In addition to the complete model, we also tested direct and indirect (aka mediation) effects for behavioural intention separately for each video. Mediation occurs when a mediator variable intervenes between two other related constructs. Mediation considers the presence of an intermediate variable or a mechanism that transmits the effect of an antecedent variable to an outcome (Aguinis, Edwards, and Bradley, 2016). Hence, mediation refers to underlying effects that link antecedent and consequence variables. Streiner (2005) implied that the cause of independent variables on a dependent variable might conceive multiple meanings. Here, the interpretation of social presence can be two-fold. Based on empirical findings about the positive causality between social presence and entertainment (Lee et al., 2014), we tested the mediation effect of entertainment value by groups. As part of the analysis, we also checked variance inflation factor values for multicollinearity.
Finally, we note that the PLS constructs used in this study have exploratory tendencies; thus, we put more weight on gaining insights into practices in the tourism industry than on the robustness of the model itself. In fact, it is quite common for data not to adhere to normal multivariate distribution in social and behavioural sciences, and variance-based PLS is recommended more than maximum likelihood estimation methods (Hair et al., 2021). Chin (1998) also stated that PLS is less strict with smaller sample sizes.
Results
Tests for reliability and group differences
To test how reliable our summary constructs were, Cronbach's alpha (standardized) and average inter-item correlation were computed. These values are depicted in Table 3. All Cronbach's alpha values were greater than the recommended threshold value of 0.7 (Nunnally and Bernstein, 1978), demonstrating that the construct reliability of the measuring model was acceptable.
Values for reliability of summary constructs.
Next, we tested whether background variables were different between video Groups A, B and C. Kruskal-Wallis test statistics for the ranks of the ordinal variables ‘age’, ‘outdoor activity’ and ‘tourism activity’ were 0.988 (p = 0.61), 2.440 (p = 0.26) and 2.314 (p = 0.31). Chi-squared test statistics for the nominal variables of gender and nationality were 3.33 (p = 0.19) and 11.68 (p = 0.31). With p > 0.05 for all variables, no statistically significant differences between the groups were found. Thus, they had similar background variables irrespective of the video they watched, and it is safe to assume that the video is the change agent.

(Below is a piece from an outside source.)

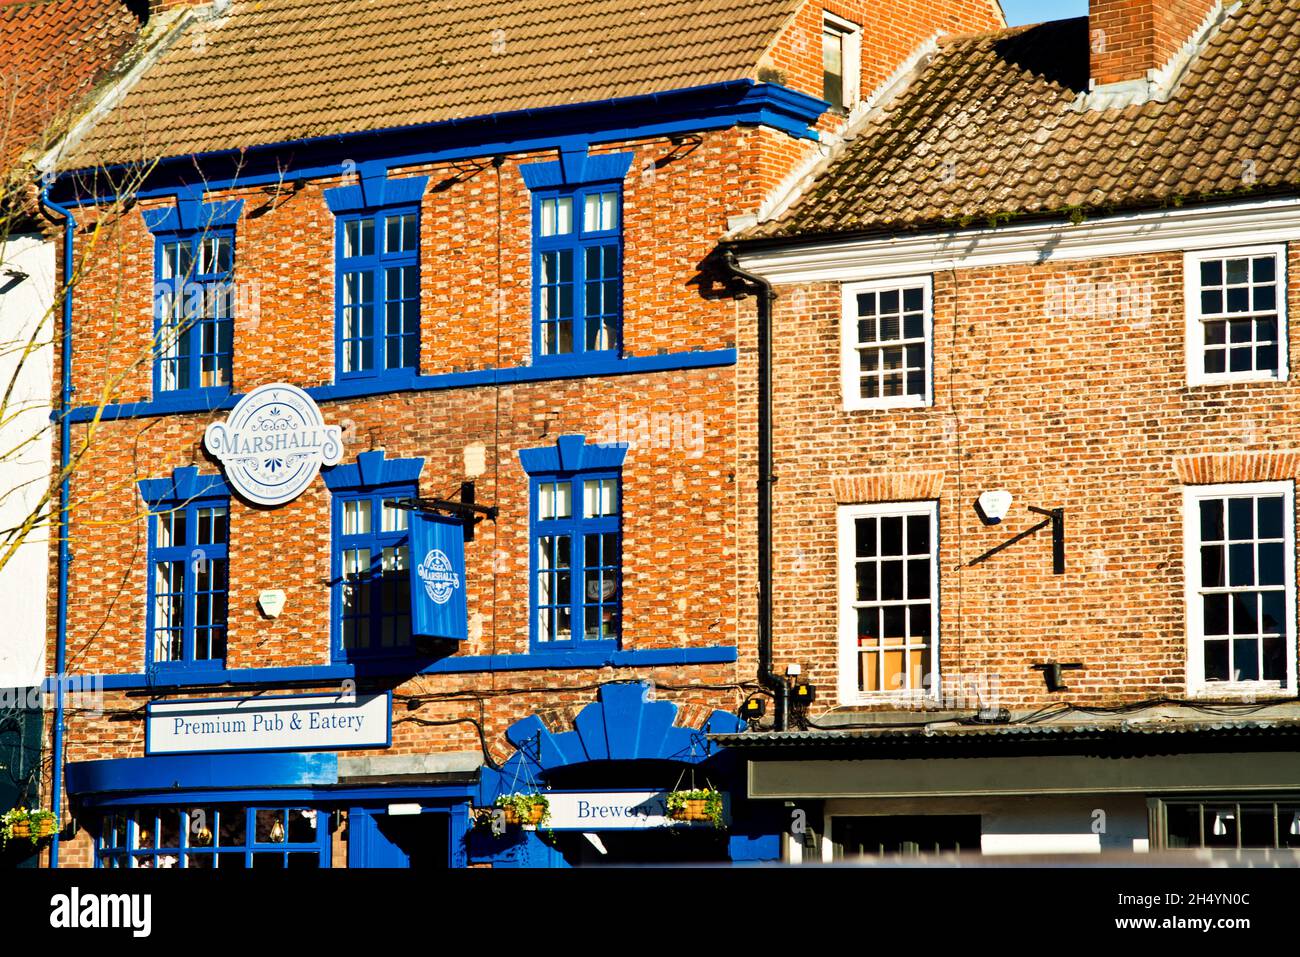 Marshalls Pub and Eatery formely The Union Arms, Yarm on Tees, England Stock Photo

The results of visual cues
First, we analysed the pre- and post-questions of behavioural intention before and after watching the videos by comparing their average ratings. We found that the mean of behavioural intention rating was reduced for all three groups after watching the videos. We used a permutation test to evaluate the statistical significance of results by randomly permuting the view-order for subjects 100,000 times and counting how many times the unpermuted mean surpassed permuted means. Mean reductions and their estimated, FDR adjusted p-values (in parenthesis) were 0.32 (p = 0.265; Group A), 0.62 (p = 0.043; Group B) and 0.85 (p = 0.013; Group C), hence the reduction was statically significant at p < 0.05 for Groups B and C. Therefore, opposite to our hypotheses 2 and 3, human faces and social groups in videos decreased the behavioural intention. As a response to the first part of Q1, we conclude that the effect of human-related video content for consumer behaviour intention was negative.
We then turn to the linear regression modelling. After testing various models involving different predictors, we chose the following:
Linear fit coefficients. Bolded values indicate statistical significance measured by two-tailed posterior probability (PP) density with PP < 0.05 or less. Arousal was omitted here (PP>0.05 for all coefficients).
= reference level (set to zero).
PP < 0.05.
PP < 0.01.
PP < 0.001.
For the video type, we found PP < 0.05 or less for three responses: Social Interaction, Entertainment Value, and Valence. While the first result was expected, that is, more social presence for videos B and C by design, the latter two were less obvious. Video A was found more entertaining and resulted in more positive emotions (measured by valence) than the other two (hypothesis 1). We found no differences between videos B and C. Interestingly, videos B and C had no effect on consumers’ behavioural intention even if they did arouse feelings of social presence (hypotheses 2 and 3). As a response to the second part of Q1, we concluded that the effect of human-related video content for emotion was either neutral (Arousal and Emotion Level) or negative (Valence).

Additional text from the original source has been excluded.